I don't have the tools or experience either which sucks because I moved last summer so I don't know anybody here who could fix it if something broke.


----------



## DeadDove

I drive an '05 Toyota Corolla Sport with an automatic transmission. After I got that car, it started popping up all over town, in the same exact color as mine...phantom gray. Bastards!!! Now I'm thinking of painting it but for what it'd cost me I should prob. just get another vehicle. I'm checking out motorcycles currently, and also thinking about getting a classic type vehicle then shipping it off to be worked on by prisoners. It'll take time to get it back though. Oddly enough I ran into one of my uncles at a store today when I got off work, and he recommended if I wanted something with more power to get a V8 Mustang as well. Beats the idea of adding a turbo to my car as it is.


----------



## mcgooglian

If it snows a lot where you live, you should get something with a manual transmission. Apparently standards are fun to drive in the snow.


----------



## DeadDove

mcgooglian said:


> If it snows a lot where you live, you should get something with a manual transmission. Apparently standards are fun to drive in the snow.


Uh yeah...no...not so much. I live in Cali. It's snowed here ONCE in my life. But I do need to get a standard, I want more control over my vehicle.


----------



## mcgooglian

DeadDove said:


> Uh yeah...no...not so much. I live in Cali. It's snowed here ONCE in my life. But I do need to get a standard, I want more control over my vehicle.


Ah, that sucks. The one problem I have with standards is when you're at a stop light and it keeps rolling backwards.


----------



## DeadDove

mcgooglian said:


> Ah, that sucks. The one problem I have with standards is when you're at a stop light and it keeps rolling backwards.

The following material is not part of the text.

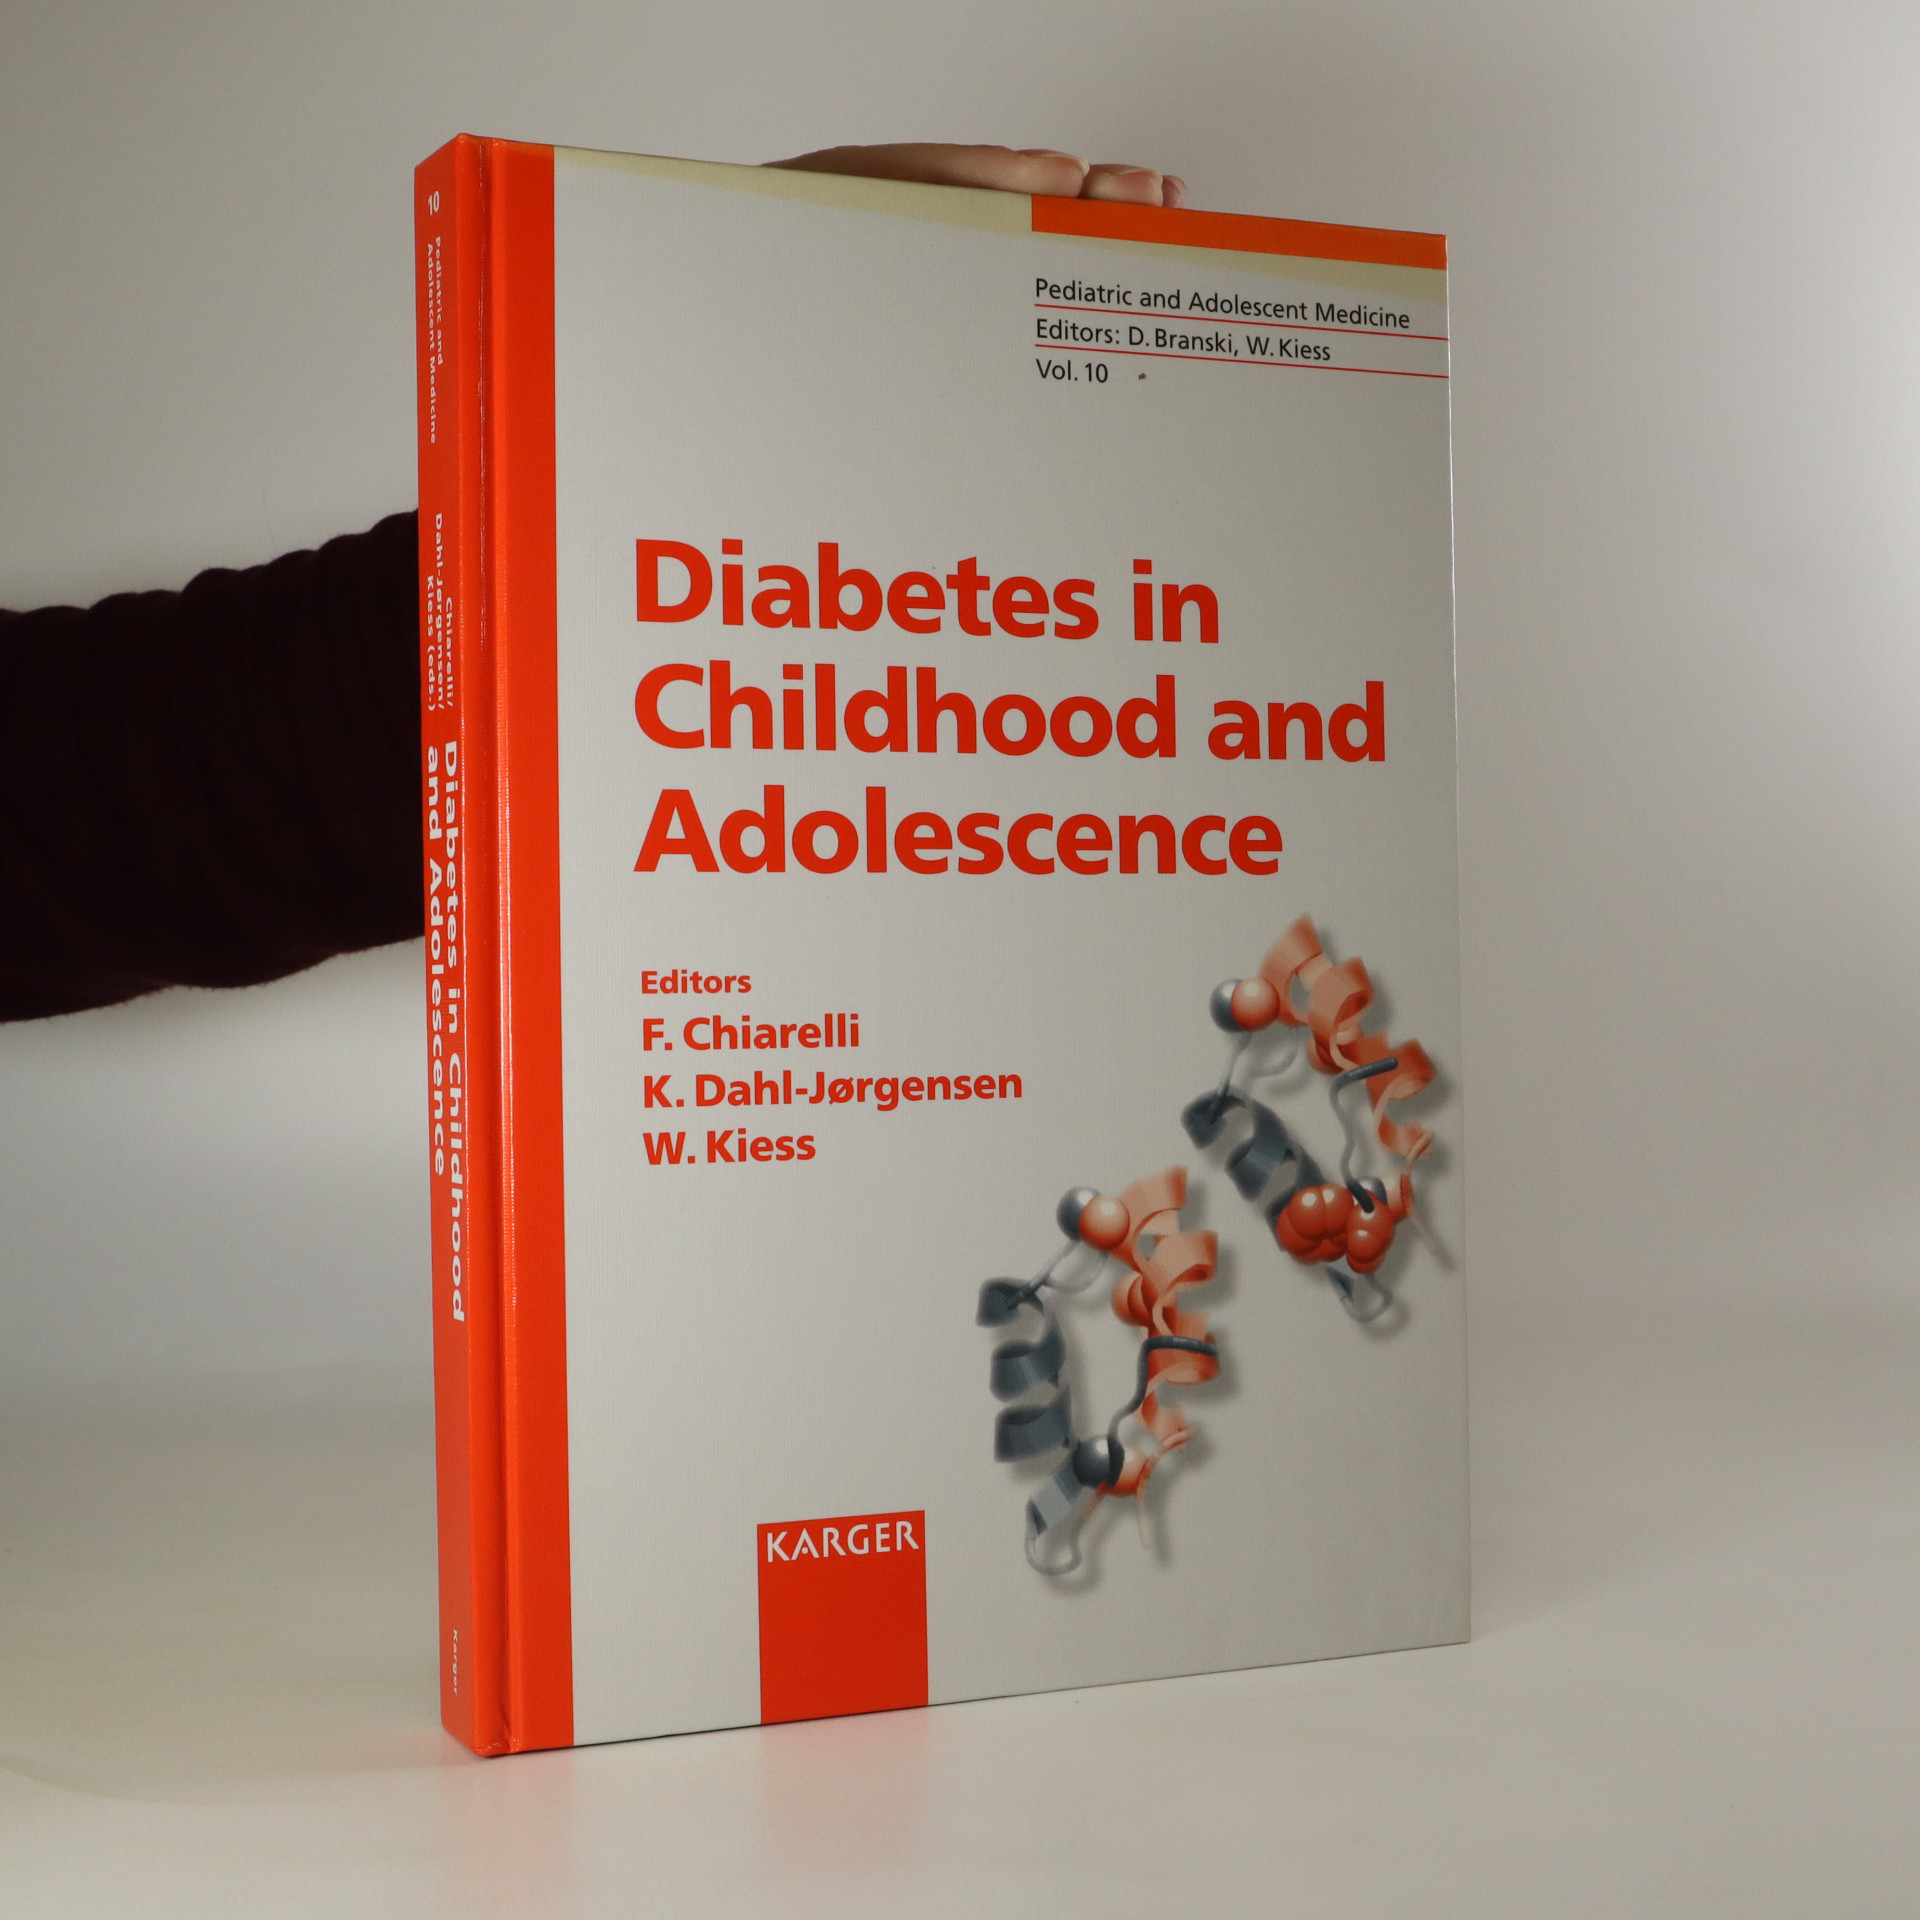 antikvární kniha Diabetes in Childhood and Adolescence, neuveden

Sounds like you're one of those weird people that stops at stop lights...stop...that roud:


----------



## mcgooglian

DeadDove said:


> Sounds like you're one of those weird people that stops at stop lights...stop...that roud:


I know, hardly anyone does that. All I do is go twice the speed limit on my street.:tongue:


----------



## Sidewinder

TreeBob said:


> Since I got my 2nd kid I stopped driving VWs :sad: They got too expensive for what size I needed. With 3 kids I needed to get a minivan. I hope to buy a VW once my kids are out of their car seats. In the past I owned 2 Rabbits, Golf and Jetta.


Certainly understandable. You have to put your family's needs first. I do like Golf's a lot. I looked briefly at the 5-cylinder Rabbit, but it's being phased out this year so there was little stock available. The new Golf should be out just after Christmas. I've heard good things about it, and a new GTI should follow. Early reviews are very positive!



mcgooglian said:


> I demand an exact address so i can steal, I mean ask him if I can borrow his Elise. I'd love to be able to get one.
> 
> Mine doesn't have a ton of options but it's in amazing shape. It drives incredibly well for a 10 year old car.
> 
> I don't have the tools or experience either which sucks because I moved last summer so I don't know anybody here who could fix it if something broke.


Heh ... I better protect his identity then. :laughing: Actually, I think there is an importer in Montreal that specializes in them, also Ferrari, Lamborghini, all the real exotics. And yeah, a car can last a long time if it's well taken care of. A friend of mine had a Civic that was 22 years old and was still running well.



DeadDove said:


> Uh yeah...no...not so much. I live in Cali. It's snowed here ONCE in my life. But I do need to get a standard, I want more control over my vehicle.


I've driven both, and I definitely prefer the manual. Some manufacturers have great clutch/shifter systems and some are poor. Honda, Mazda, and BMW are apparently the best, Mopar the worst. I test drove a few and did a lot of research before buying, so feel free to ask for opinions.



mcgooglian said:


> Ah, that sucks. The one problem I have with standards is when you're at a stop light and it keeps rolling backwards.


I just go to my parking break if it's more than about a 6-7 percent grade or so. Always safe and reliable, and no rollback. But I guess ISFP isn't as daredevil as ISTP. :happy: Less than that, I might do my regular launch, just getting to the friction point a little faster. You can even hold it (briefly, very briefly) with the clutch on a steeper hill, and staying on the break longer til you get there (called a Hendon start) but that really contributes to clutch wear as you're breaking the "gas before go" rule. I do that sometimes if I have to make a quick hard right after the launch.


----------



## TreeBob

The Rabbit is the new golf and phase out is just the name.


----------



## Sidewinder

TreeBob said:


> The Rabbit is the new golf and phase out is just the name.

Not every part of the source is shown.